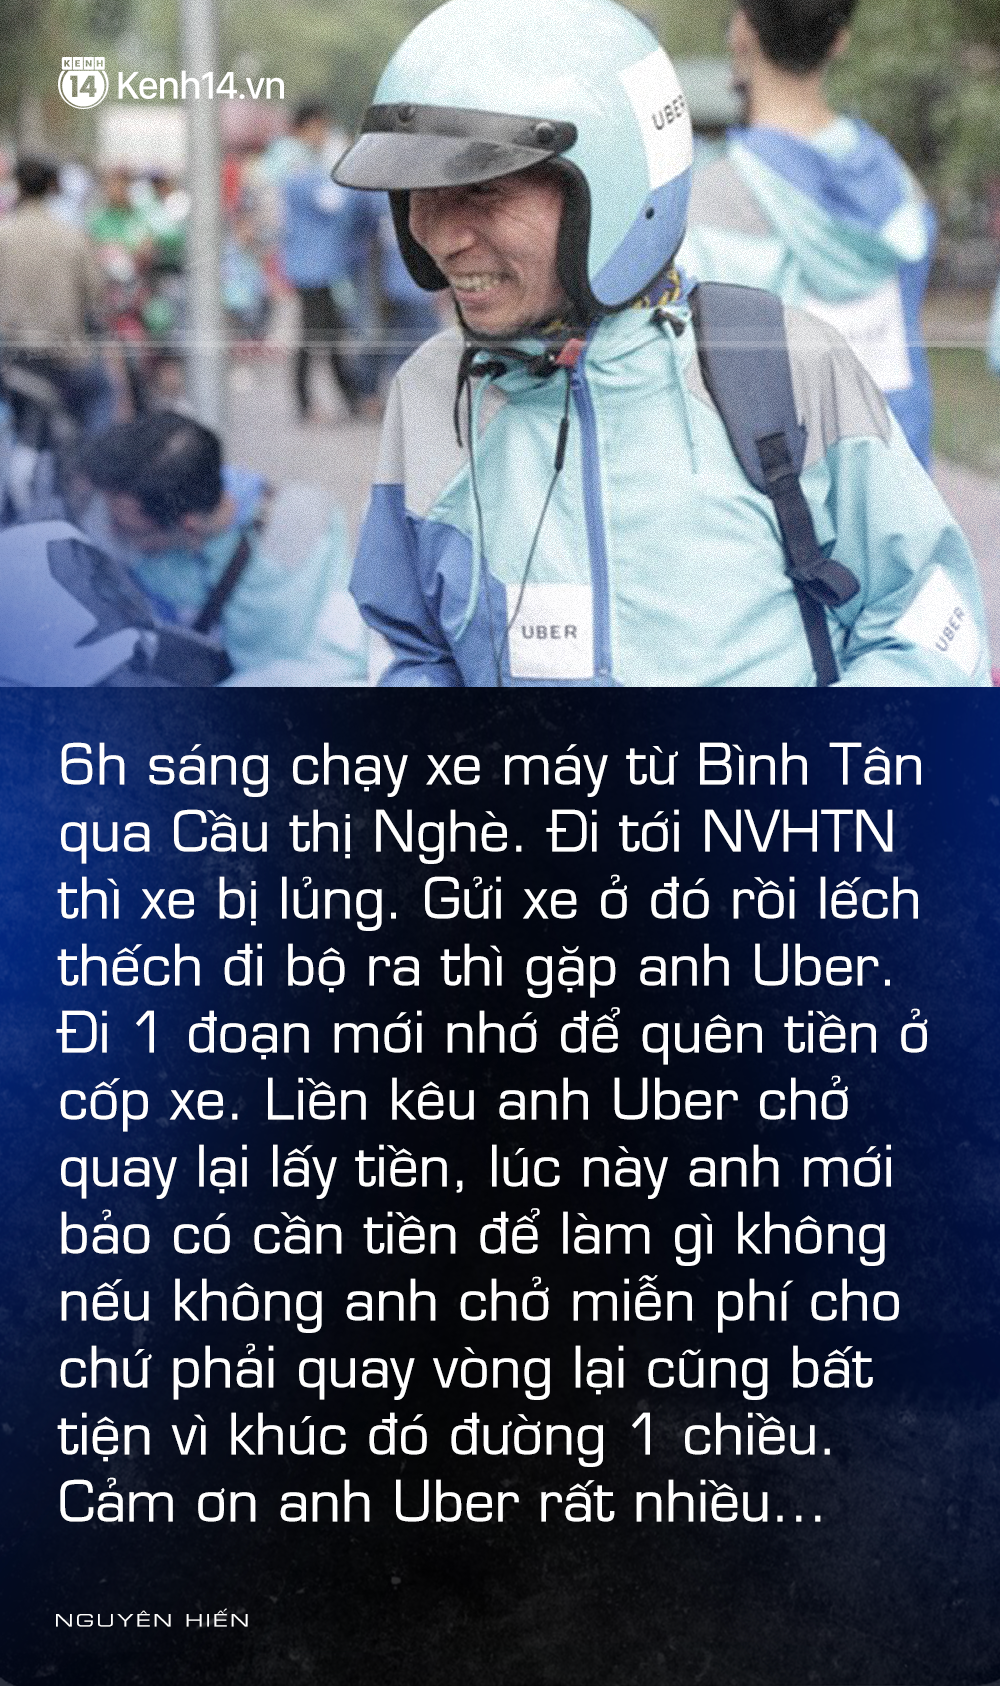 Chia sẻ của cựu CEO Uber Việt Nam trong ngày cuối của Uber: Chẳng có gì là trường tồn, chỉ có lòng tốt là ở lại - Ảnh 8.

########

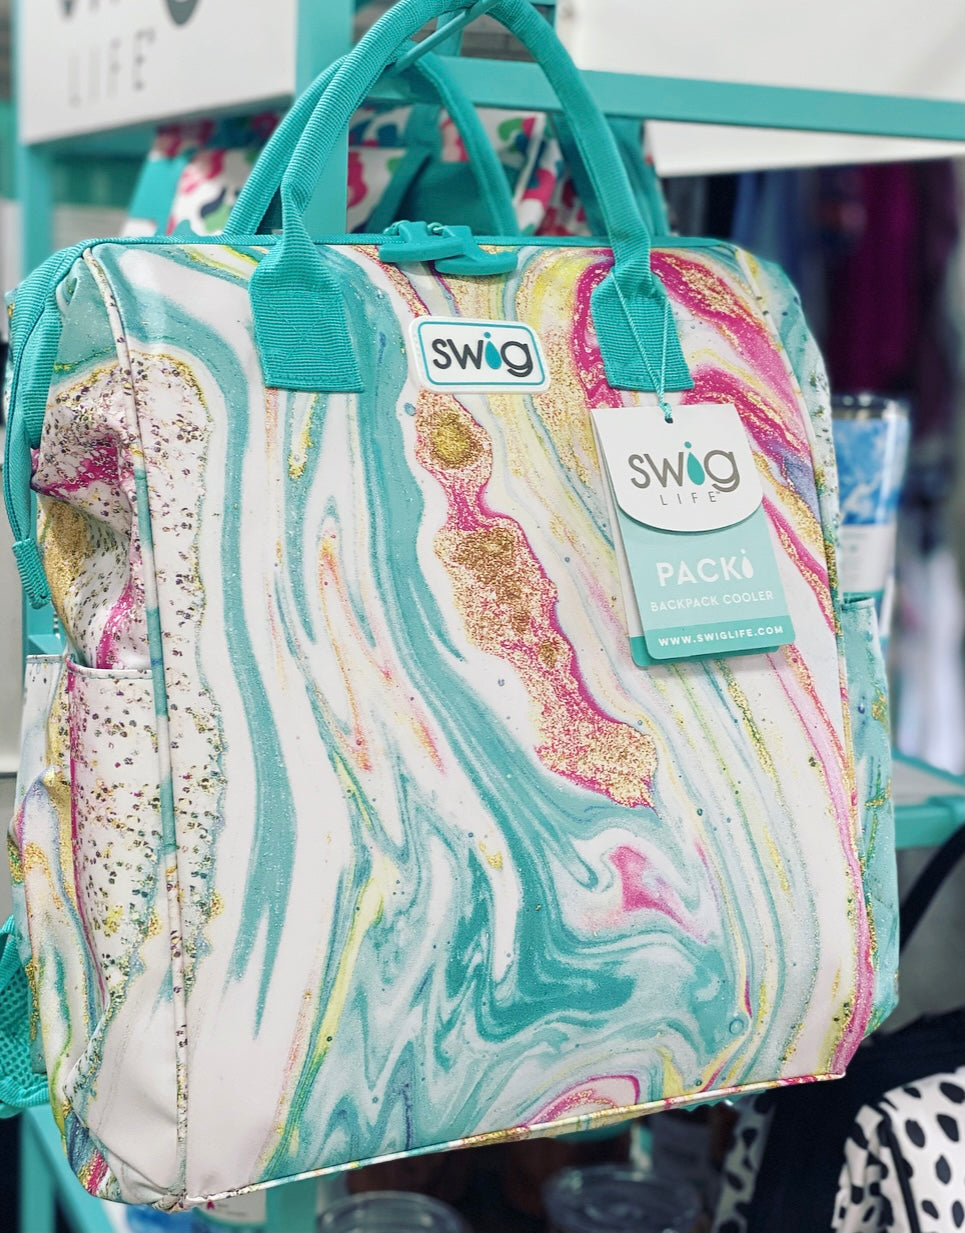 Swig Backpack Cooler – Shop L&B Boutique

########

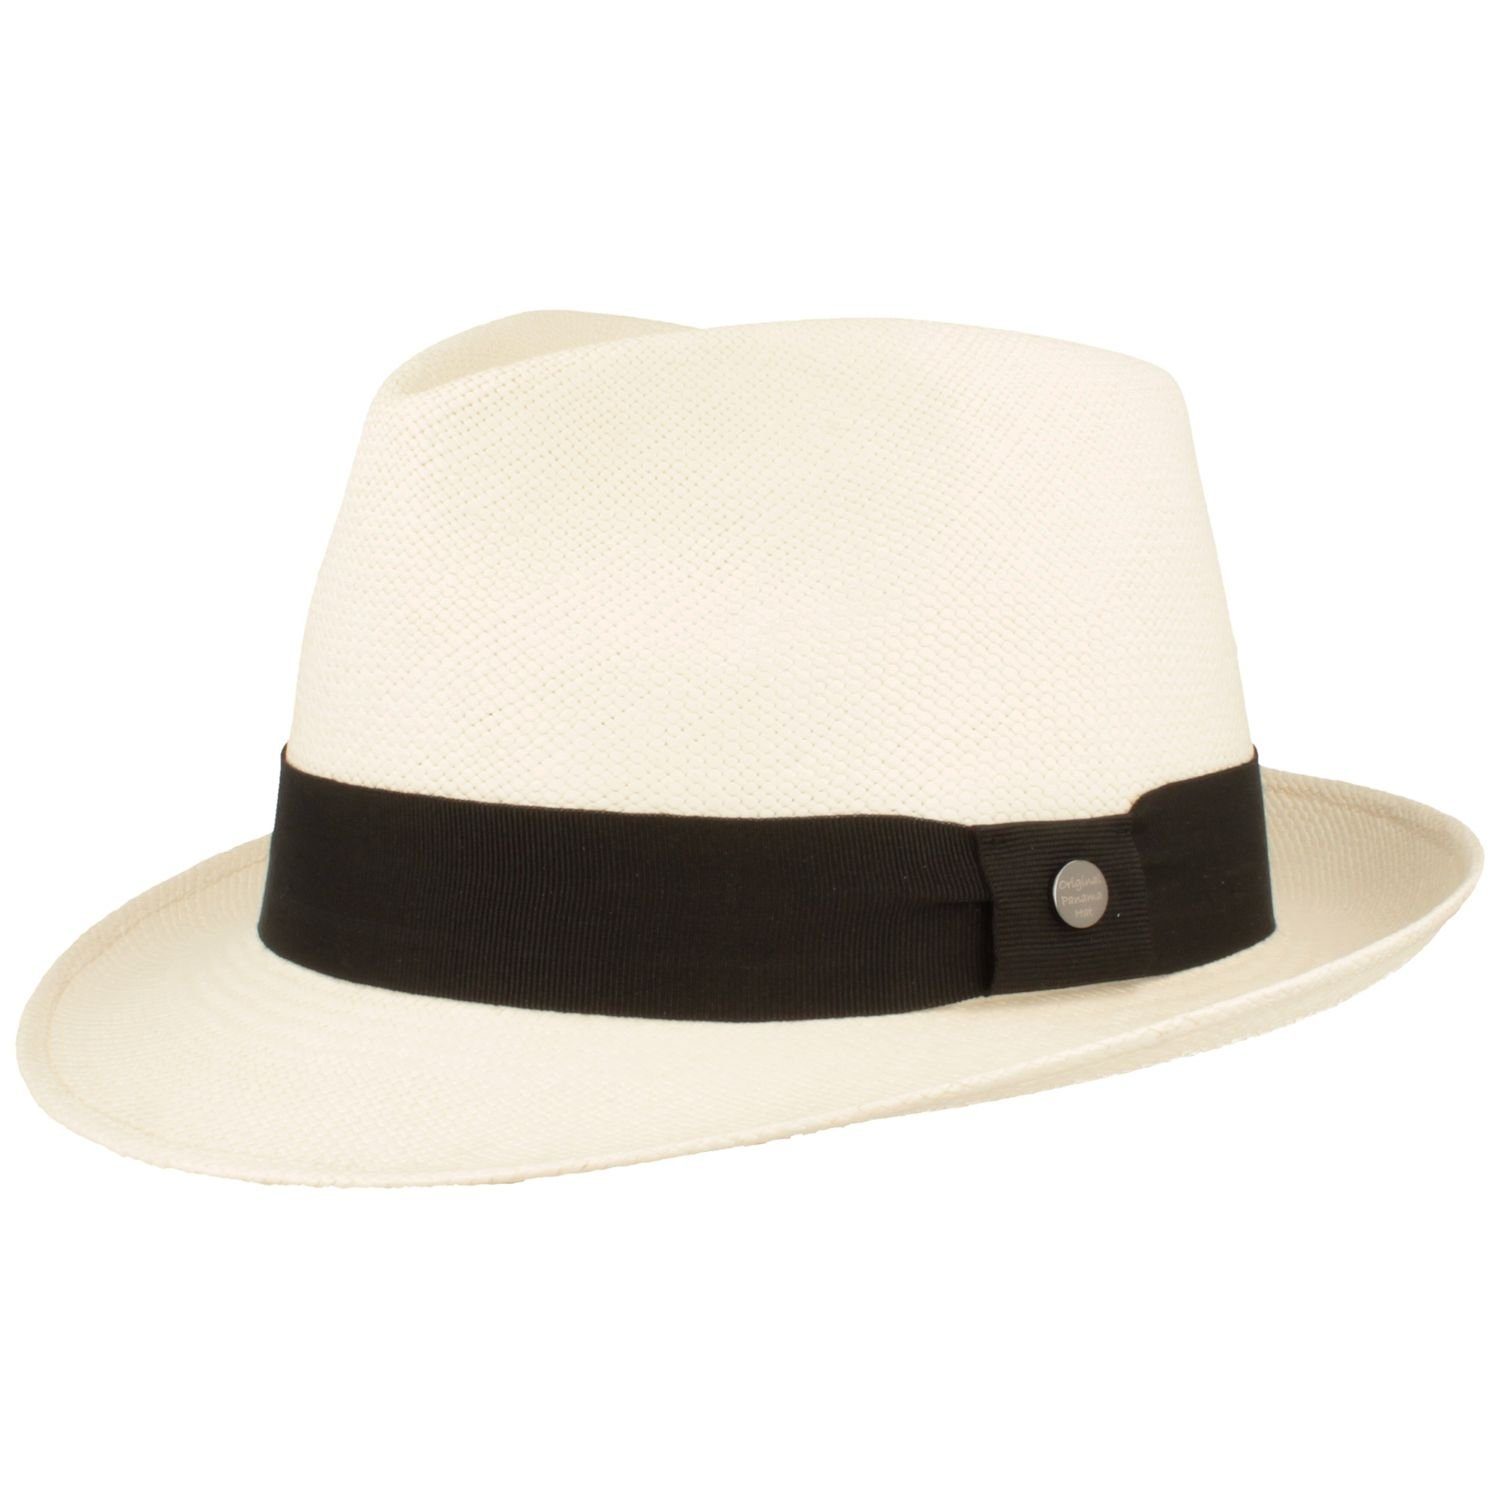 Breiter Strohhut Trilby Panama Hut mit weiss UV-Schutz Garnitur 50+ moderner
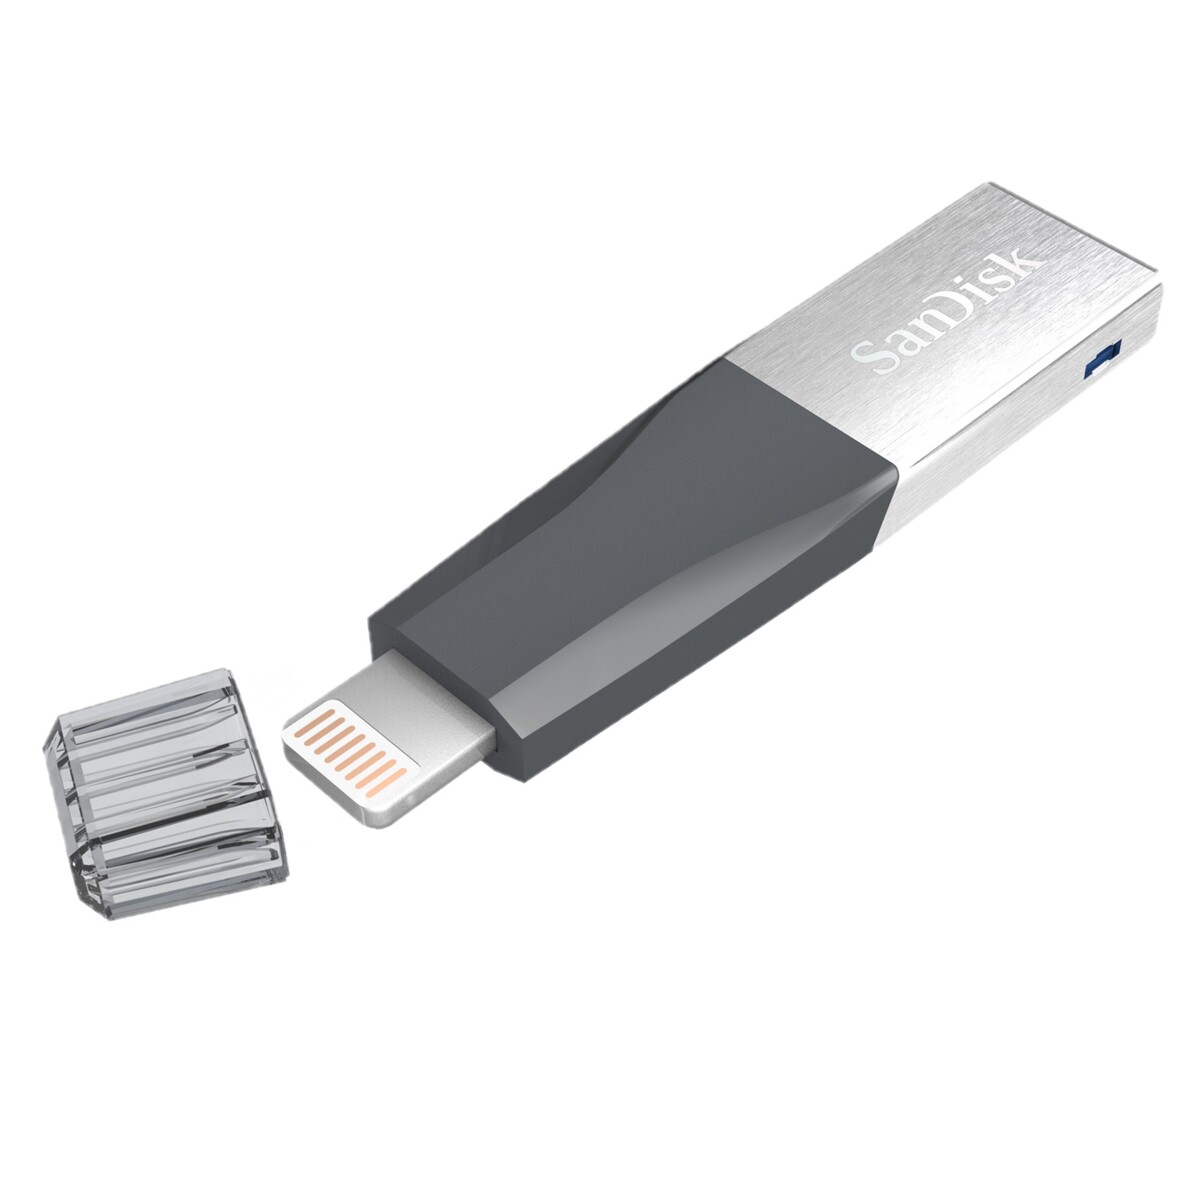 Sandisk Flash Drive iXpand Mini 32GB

########

## Assignment
Would you output only the span of the records above that opens with the line containing "Breiter Strohhut Trilby" and closes with the line containing "Sandisk Flash Drive iXpand Mini 32GB", ends included and pictures dropped?

## Result for this task
 Breiter Strohhut Trilby Panama Hut mit weiss UV-Schutz Garnitur 50+ moderner
 Sandisk Flash Drive iXpand Mini 32GB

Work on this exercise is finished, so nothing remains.